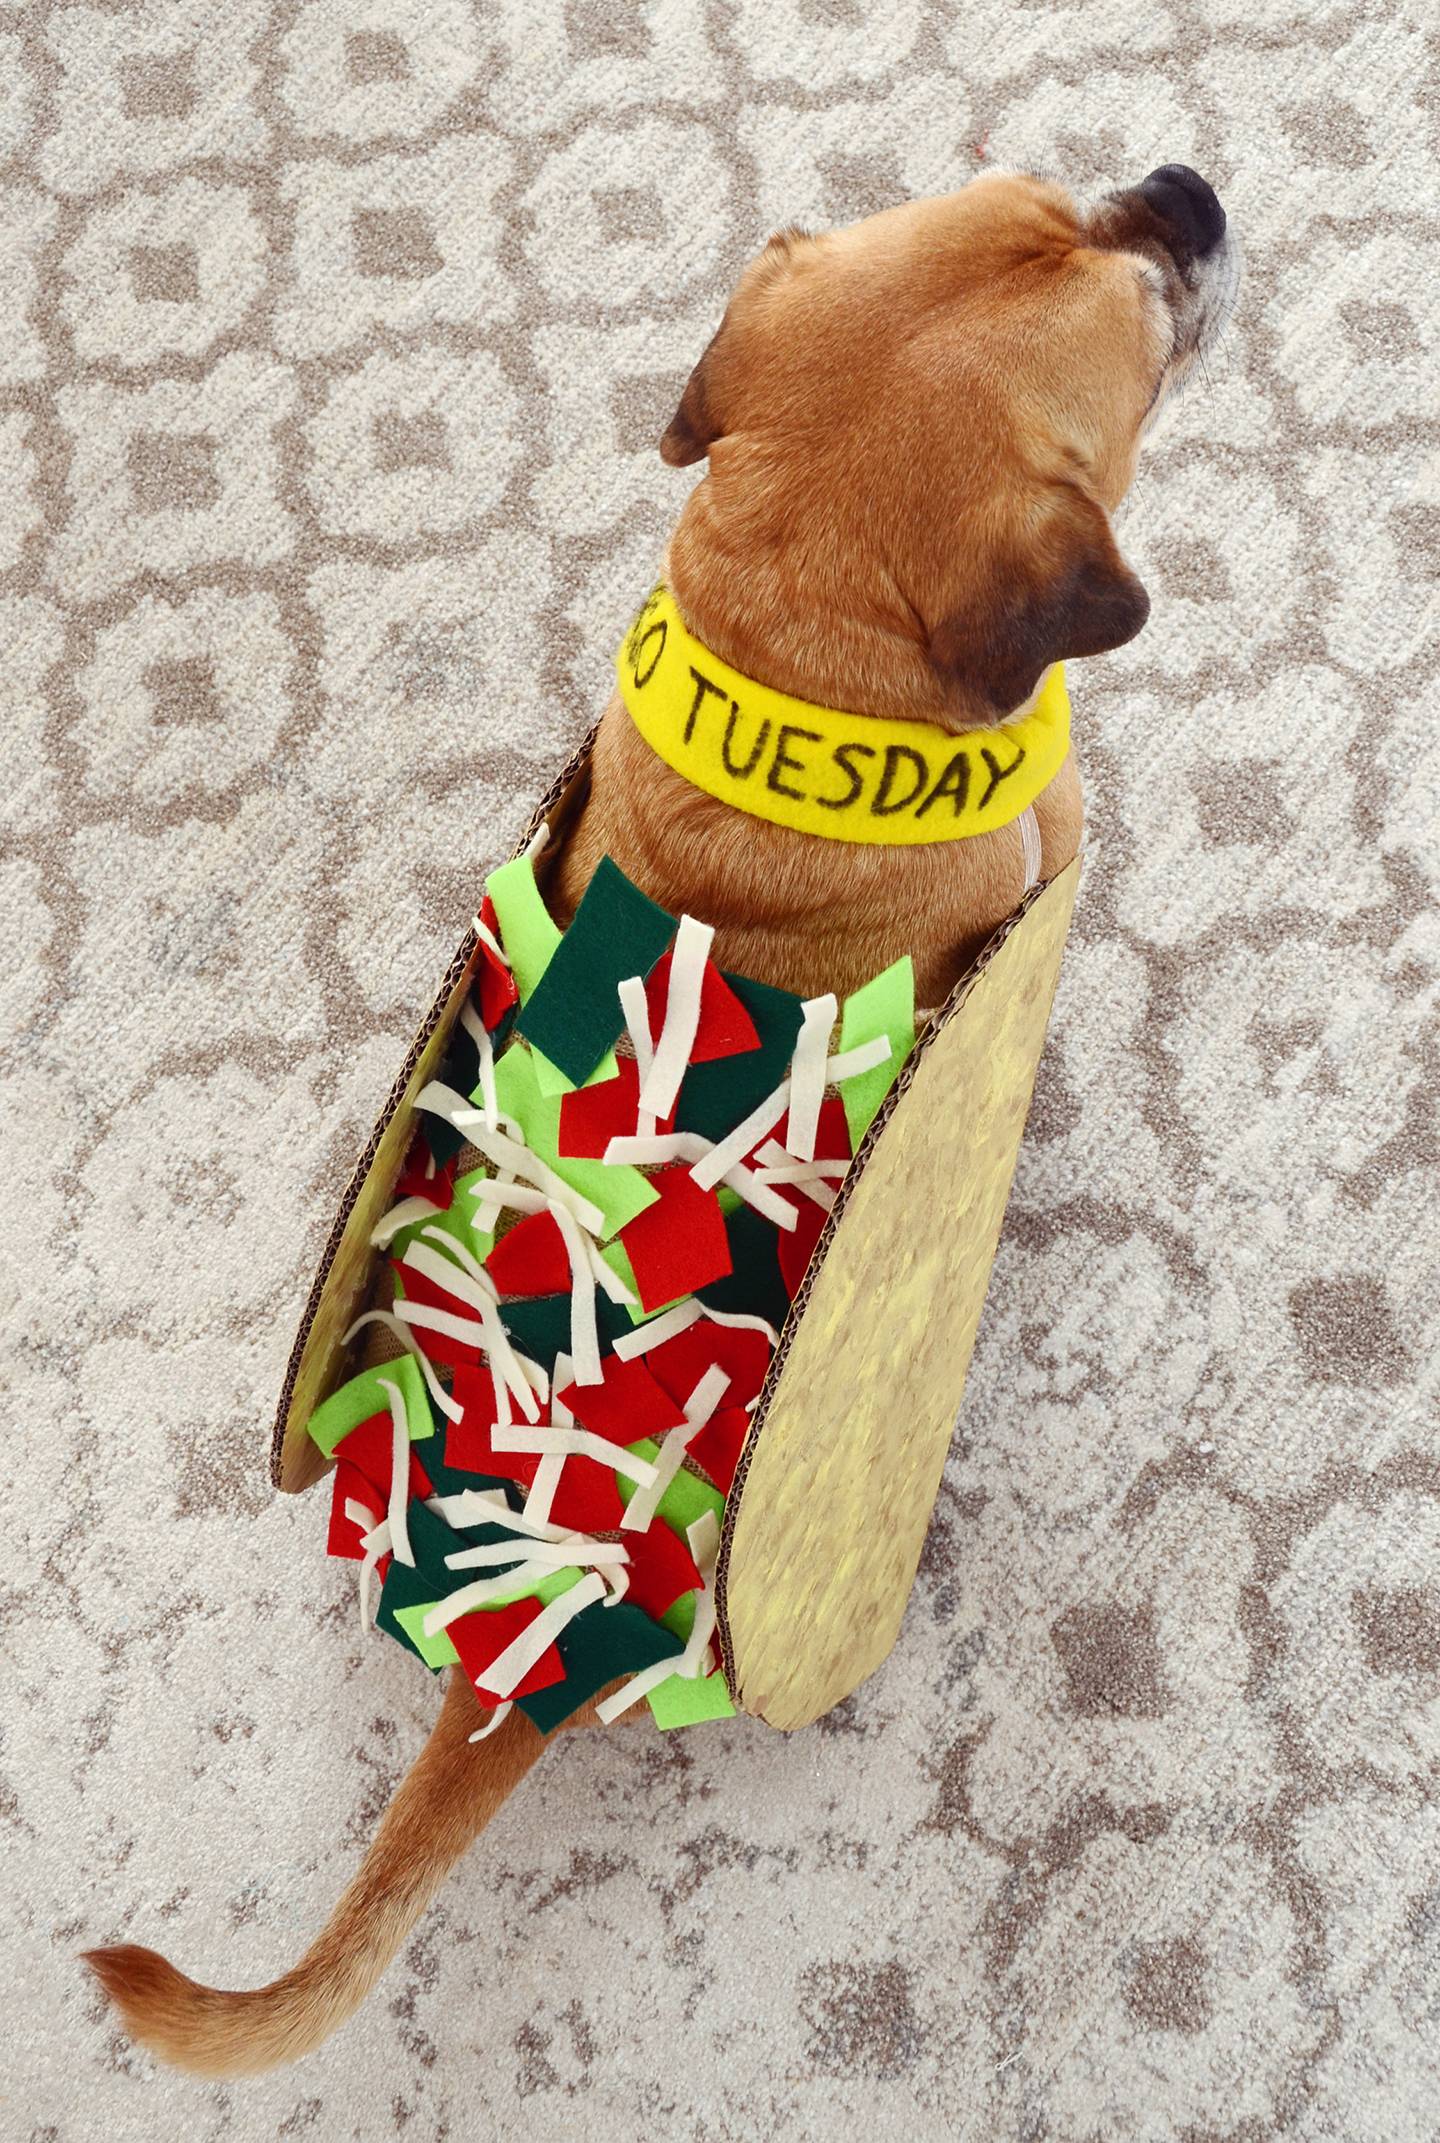 Halloween DIY: Make a Taco Tuesday Dog Costume
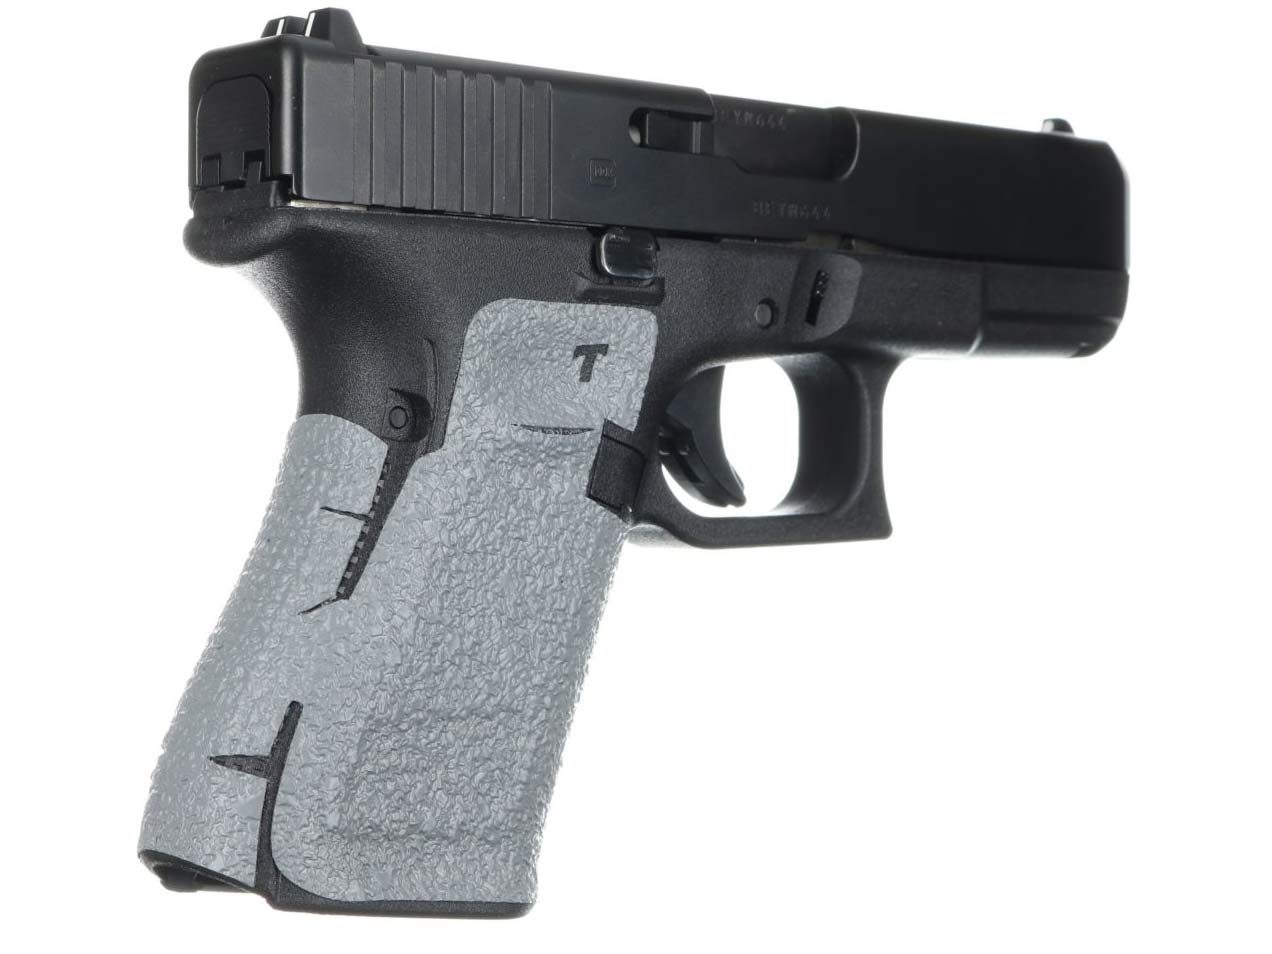 A talon grip wrapped around the handle of a handgun.
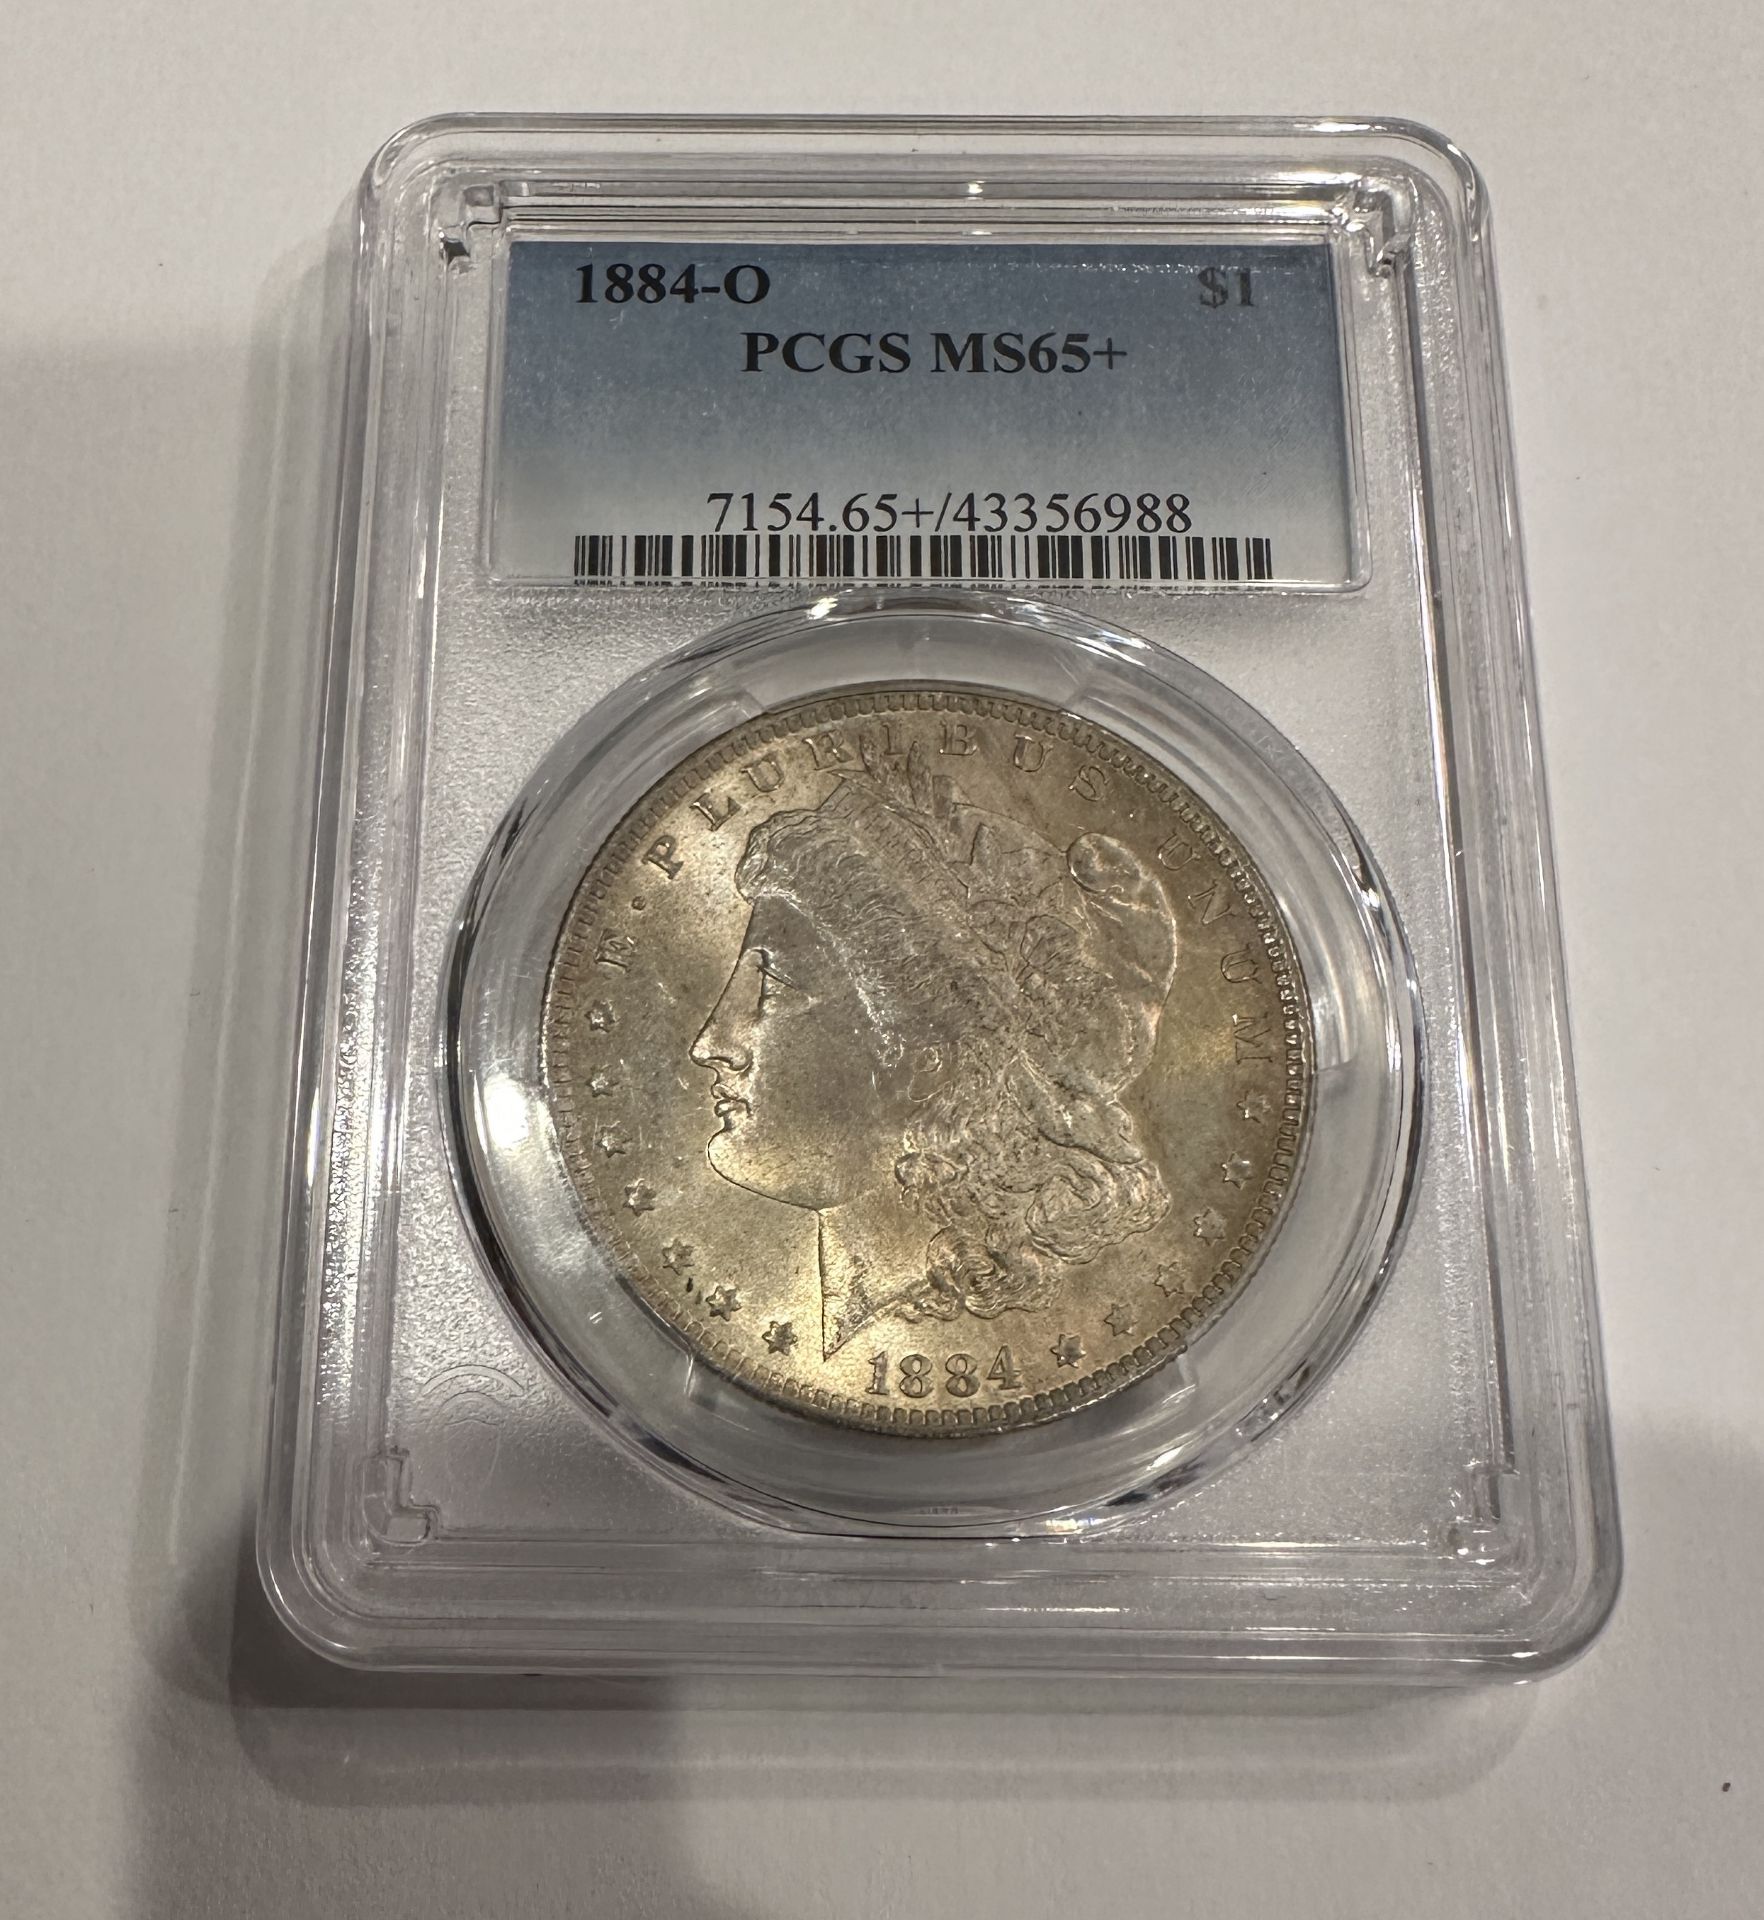 PCGS MS65+ 1884-O $1 COIN

**Task directions:**
Retype the data exactly as it stands, but keep the images out of your copy.

**Answer to this task:**
 Halloween DIY: Make a Taco Tuesday Dog Costume
 A talon grip wrapped around the handle of a handgun.
 PCGS MS65+ 1884-O $1 COIN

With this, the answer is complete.